Any picture in the material should be left out, while all other lines are copied exactly.

_Recorded data:_
··········
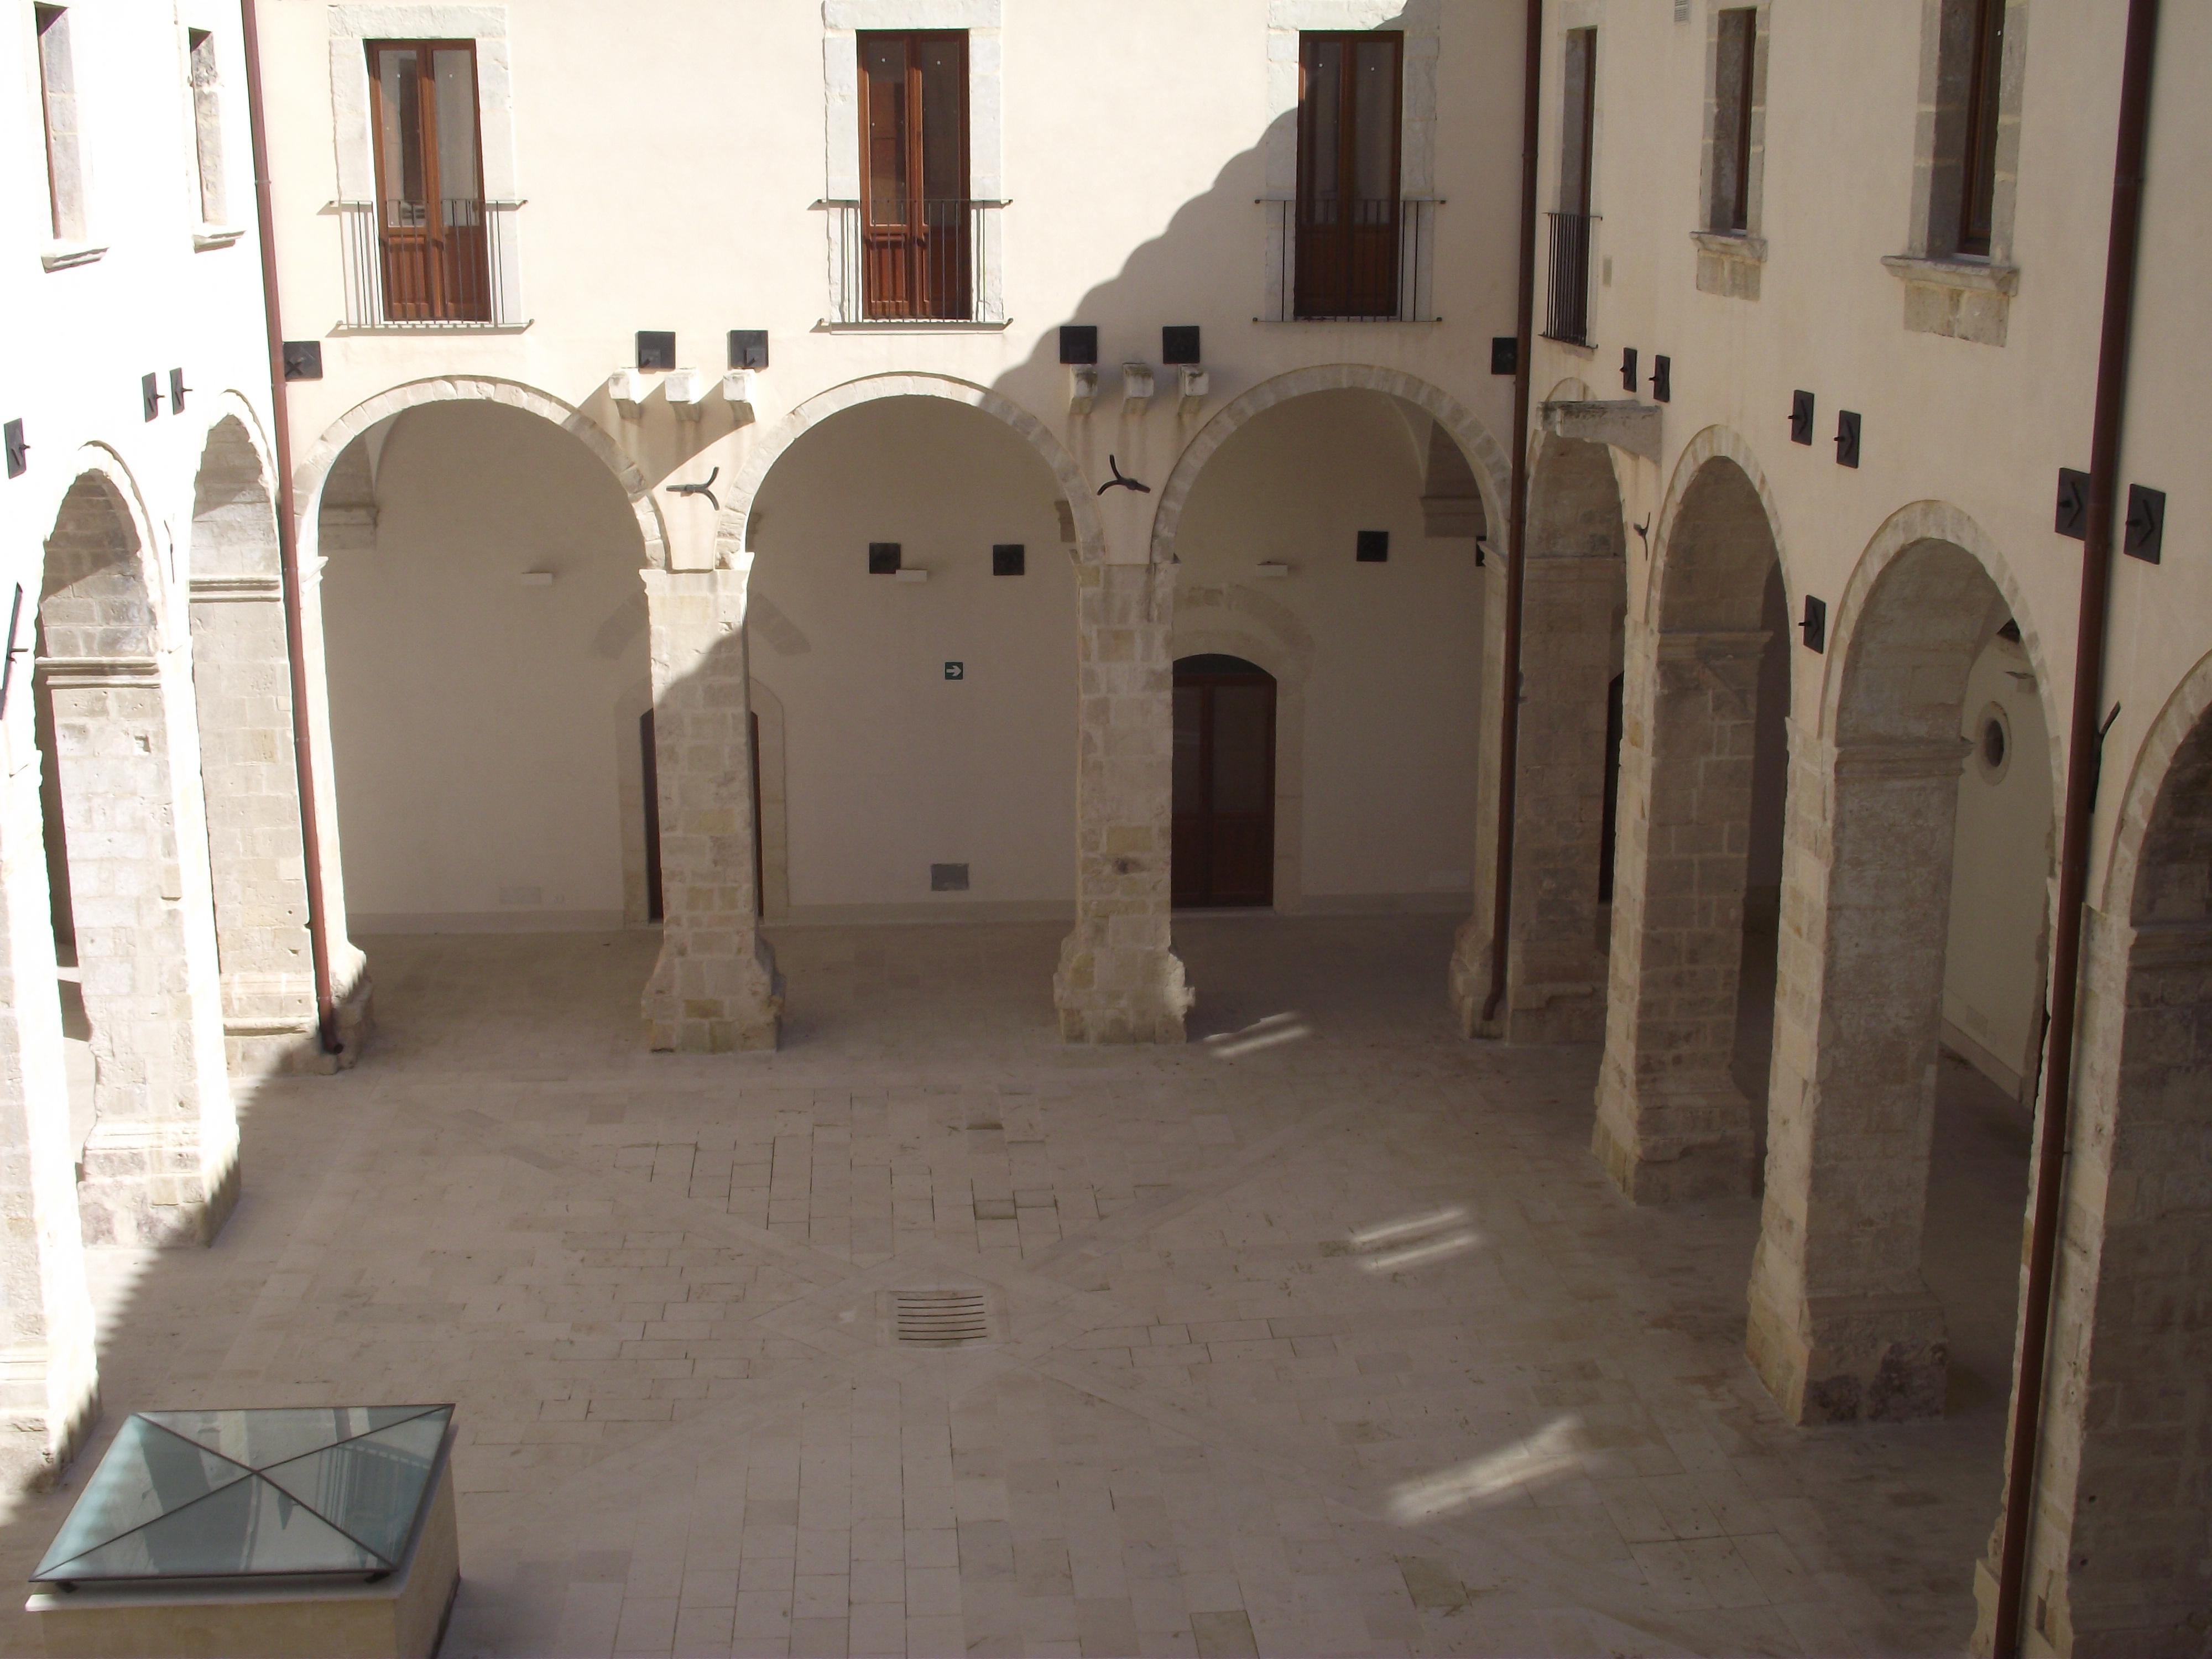 24 Novembre – Cerimonia di donazione di pannelli poetici nella sala Emanuele Giudice
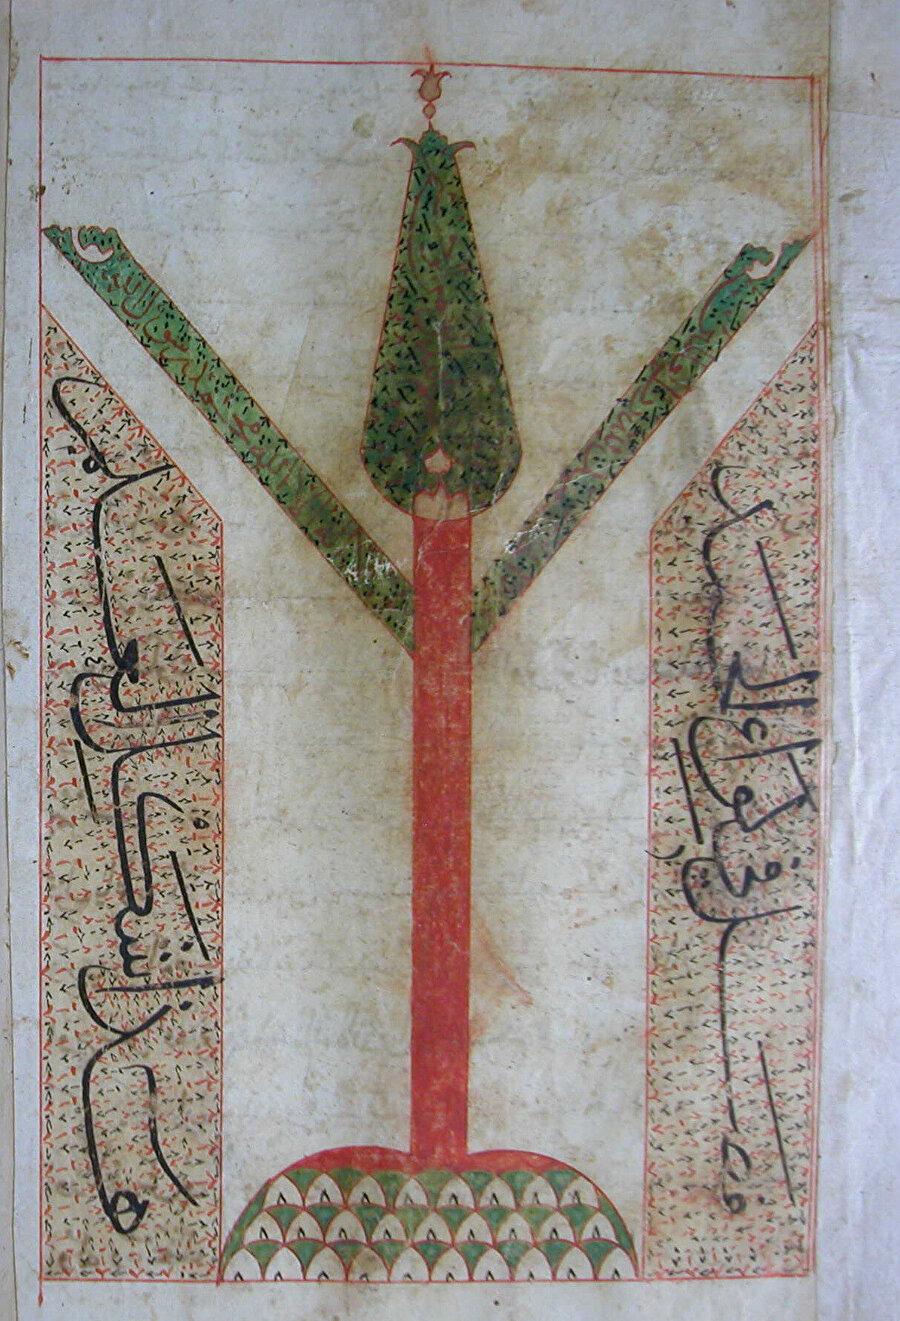 - Edirne Selimiye Kütüphanesi 1032 numaralı nüshada bulunan livâü'l-hamd çizimi
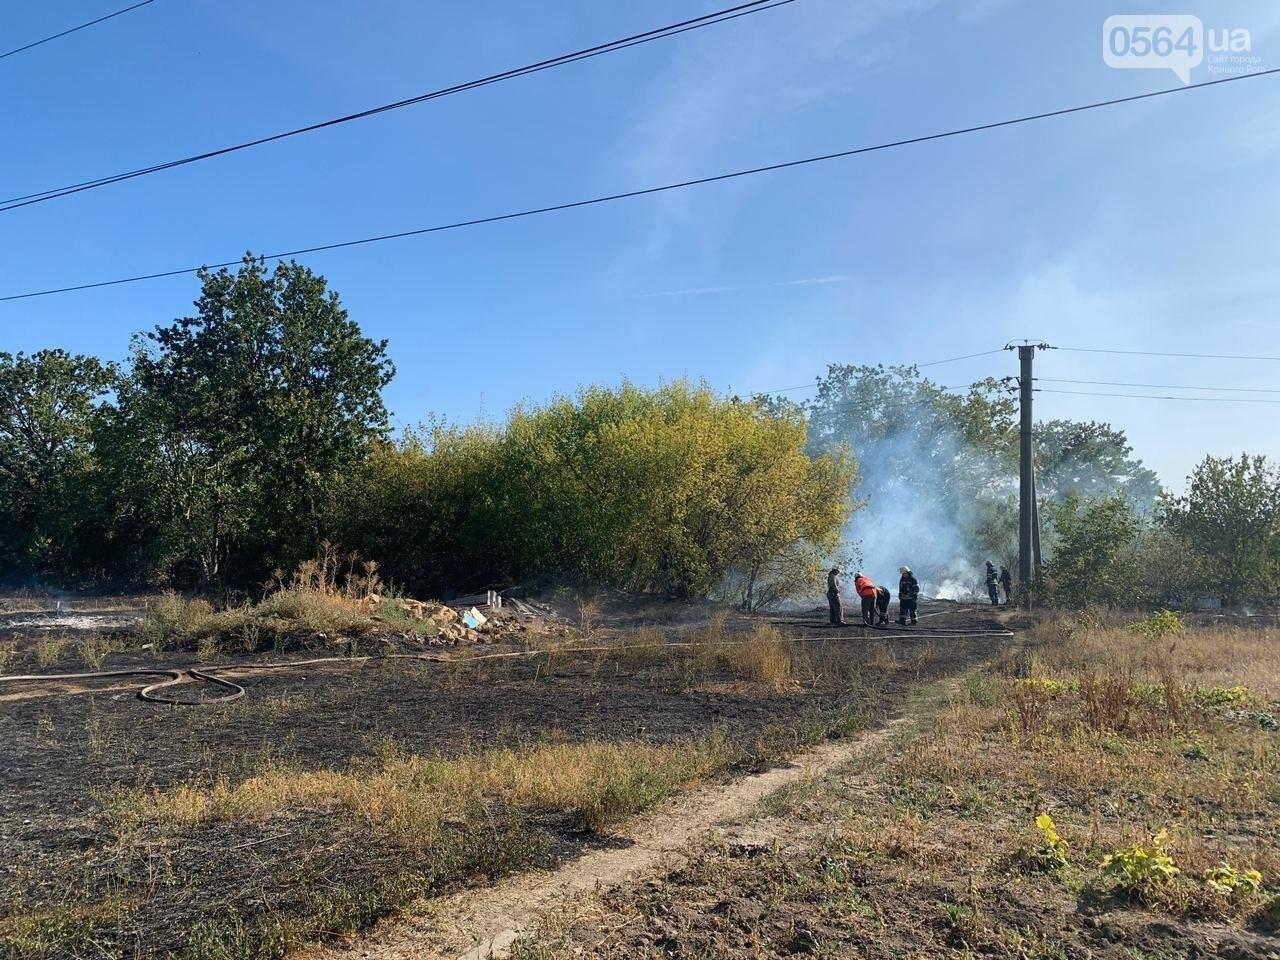 В Кривом Роге возле частного сектора произошел пожар в экосистеме, - ФОТО , фото-9
··········
_Output below:_
 24 Novembre – Cerimonia di donazione di pannelli poetici nella sala Emanuele Giudice
 - Edirne Selimiye Kütüphanesi 1032 numaralı nüshada bulunan livâü'l-hamd çizimi
 В Кривом Роге возле частного сектора произошел пожар в экосистеме, - ФОТО , фото-9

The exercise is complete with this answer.